The heart of the dispute touches on several issues:

  • The inherent difficulty physicians face in predicting time of death,
  • physicians are central to the hospice process and their assessments regarding terminal illness deserve deference,
  • restrictive interpretations deprive patients and their loved ones of the freedom to make basic end-of-life decisions regarding palliative care,
  • bureaucratic reversals of physician assessments will trigger confusion for patients and families during an already emotionally vulnerable time,
  • too much bureaucratic oversight will compromise medical judgment and lead to chilling effect where physicians hesitate to recommend medically appropriate hospice care,
  • restrictive interpretations will increase patient financial burdens through higher costs for curative care, and
  • the need to enforce limitation of liability provisions to account for the inherent challenges in terminal prognosis.
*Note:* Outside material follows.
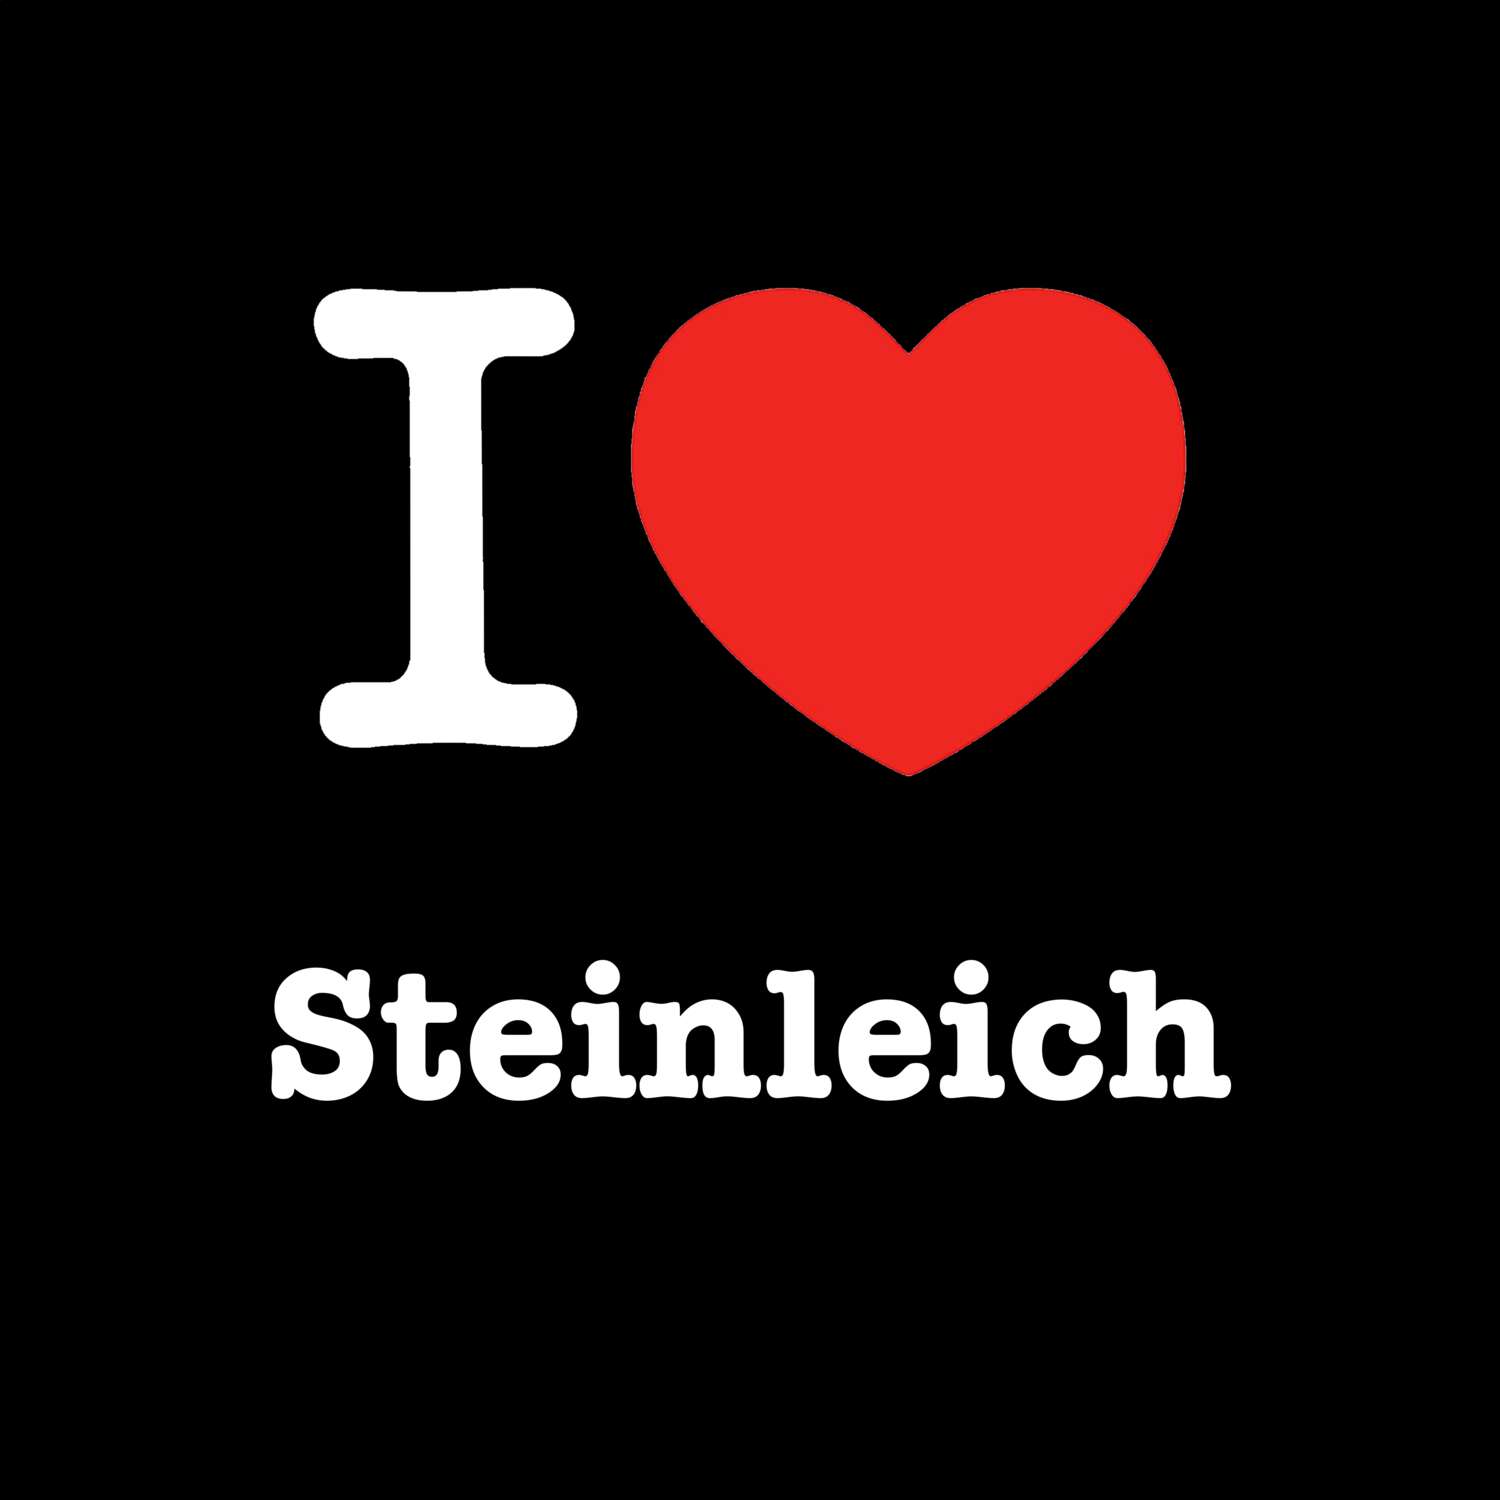 Steinleich T-Shirt »I love«

The brief emphasizes that death cannot be predicted with precision and that Congress structured the hospice benefit accordingly. It addresses the harm of adverse court rulings on patient access and the chilling effect it will have on providers and physicians, such as eroding the trust between patients and physicians, delayed access to hospice, and increased costs for Medicare. We also argue that the hospice framework established by Congress and HHS positions the physician as the central figure in determining terminal illness. In conclusion, we urge the Court the reverse the judgment of the district court and adopt a standard “that an ALJ give deference to the treating physicians’ prognosis in the absence of objective clinical evidence that contradicts that prognosis.”